GUELPH – The Wellington-Dufferin-Guelph Public Health (WDGPH) board heard a lot about COVID-19 at its Dec. 1 meeting: vaccines for children aged five to 11, booster vaccines, and the new Omicron variant that’s throwing a monkey wrench into plans.
Dr. Nicola Mercer, medical officer of health, told the board that since the vaccine was approved in Canada for younger children on Nov. 19 and started to be administered in this region on Nov. 25, about 26 per cent of the 23,500 eligible children in this region have already received their first shot.
Public health has three vaccination sites for children – in Stone Road Mall in Guelph, at the Centre Wellington Community Sportsplex in Fergus, and the Alder Street Recreation Centre in Orangeville.
There will also be pop-up clinics, mobile clinics, specialty clinics, and clinics at some schools, and there are 20 pharmacies that can give the paediatric dose.
But most of the vaccines will be given by family doctors and to date, 68% have been administered that way.
Appointments can be booked through family doctors or through the public health at wdgpublichealth.ca or 1-800-265-7293 ext. 7006.
Mercer said there’s information about the vaccine on the website and Toronto’s Hospital for Sick Children has great information on its website as well.
But generally, Mercer said the vaccine for kids lowers the risk of illness, lowers the risk of complications like long COVID, lowers the risk of spread to family and friends, and helps ensure schools remain open and children can enjoy social activities once again.
“The benefits of the vaccine far outweigh the risks,” she said.
The paediatric version is quite similar to the adult MRNA vaccine, only one-third of the dose.

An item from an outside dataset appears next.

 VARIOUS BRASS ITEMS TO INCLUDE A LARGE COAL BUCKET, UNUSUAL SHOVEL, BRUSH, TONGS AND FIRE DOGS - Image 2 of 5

Children can get their second shot eight weeks after the first.
Mercer said WDGPH officials would like to reach 90 per cent vaccinated in every age group, but have set a more realistic target of 70% to start.
Minto Mayor George Bridge, who is also chair of the board of health, noted how often public health has had to pivot operations over the past year.
“A year ago, we were worried about how many vaccines we would get and when we would get them,” Bridge said.
“Now if children want it, they can get it before Christmas. And what a great Christmas gift.”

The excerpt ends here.